▶ Recorded data
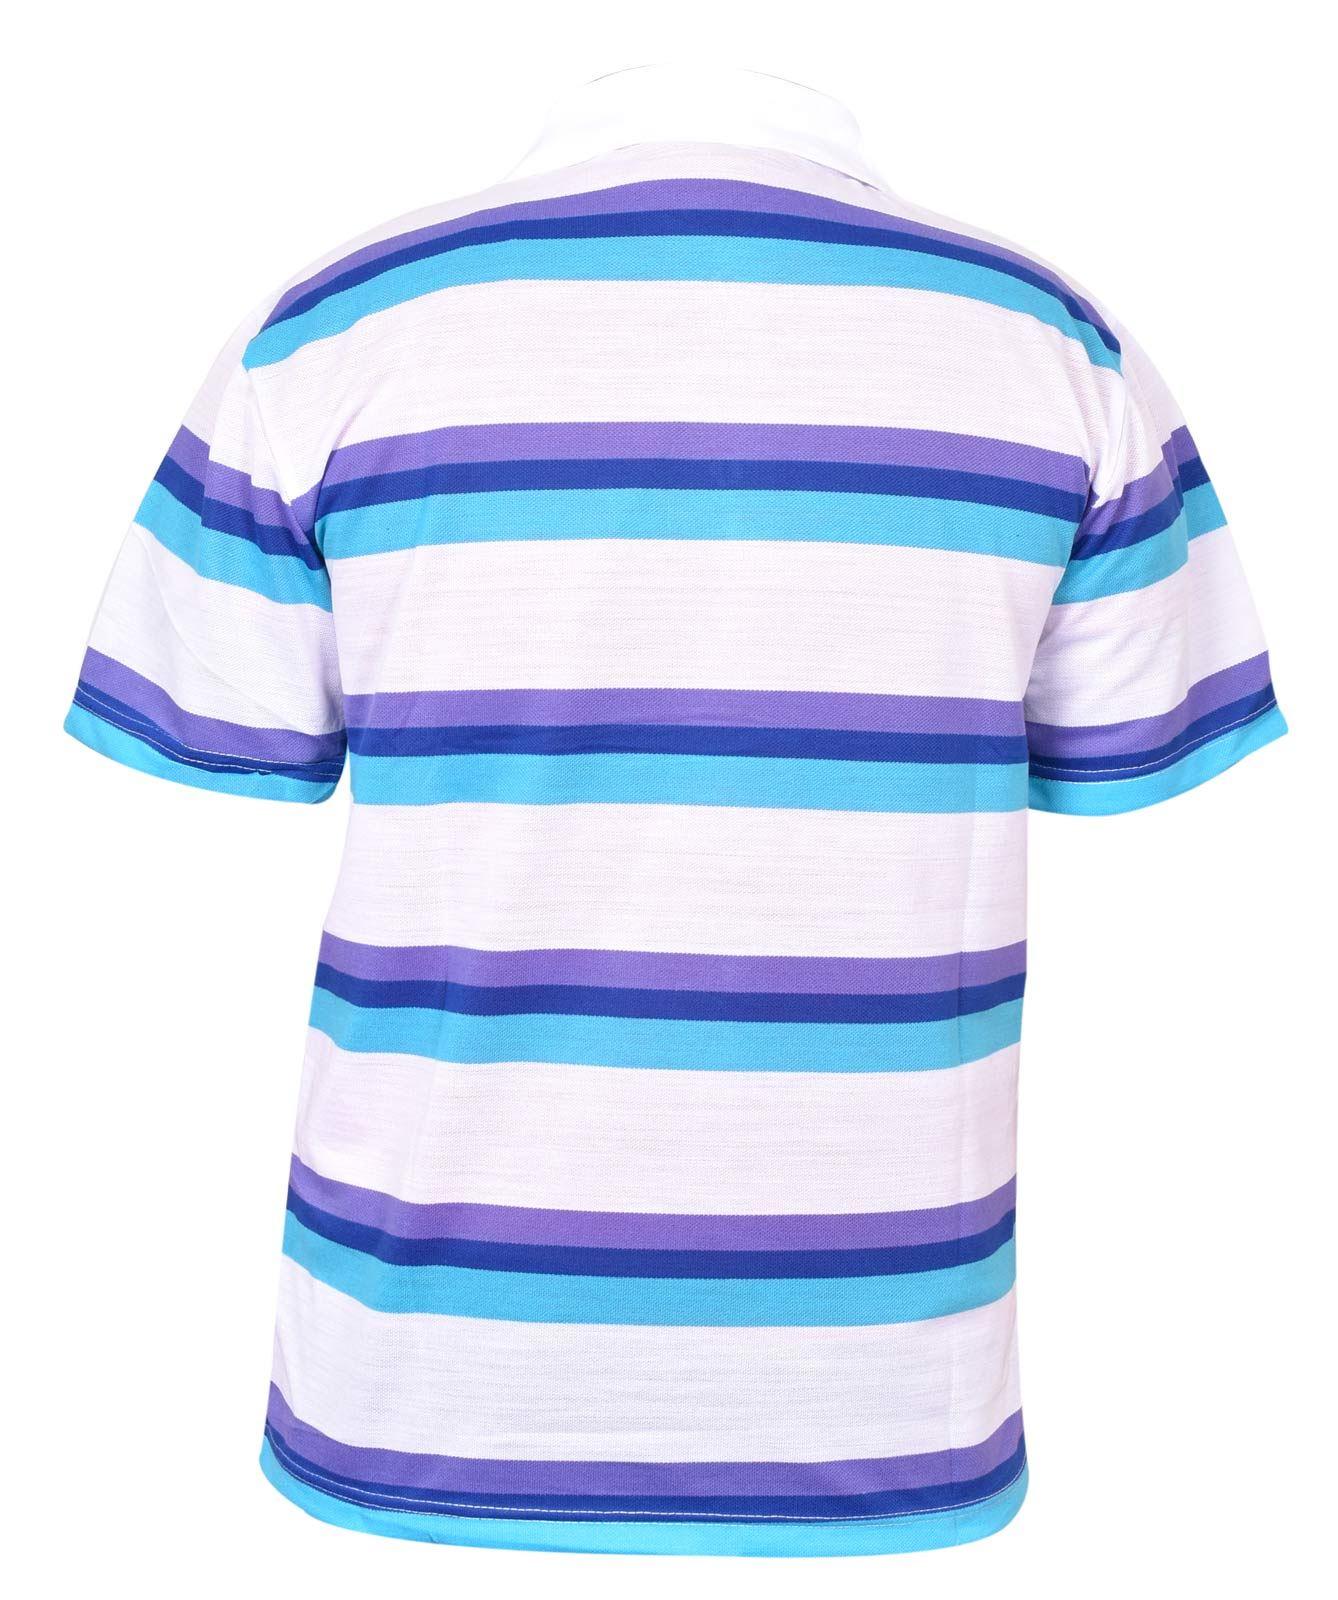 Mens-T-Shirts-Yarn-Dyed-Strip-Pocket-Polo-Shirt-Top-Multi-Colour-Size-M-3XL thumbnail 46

==

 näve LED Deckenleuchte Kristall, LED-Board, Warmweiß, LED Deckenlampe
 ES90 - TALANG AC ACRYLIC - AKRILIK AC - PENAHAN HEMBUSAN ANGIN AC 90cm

▶ The task
Set down, exactly as they appear above, all lines from the one that has "näve LED Deckenleuchte" down to the one that has "ES90 - TALANG", including those two and no others.

▶ Final answer
 näve LED Deckenleuchte Kristall, LED-Board, Warmweiß, LED Deckenlampe
 ES90 - TALANG AC ACRYLIC - AKRILIK AC - PENAHAN HEMBUSAN ANGIN AC 90cm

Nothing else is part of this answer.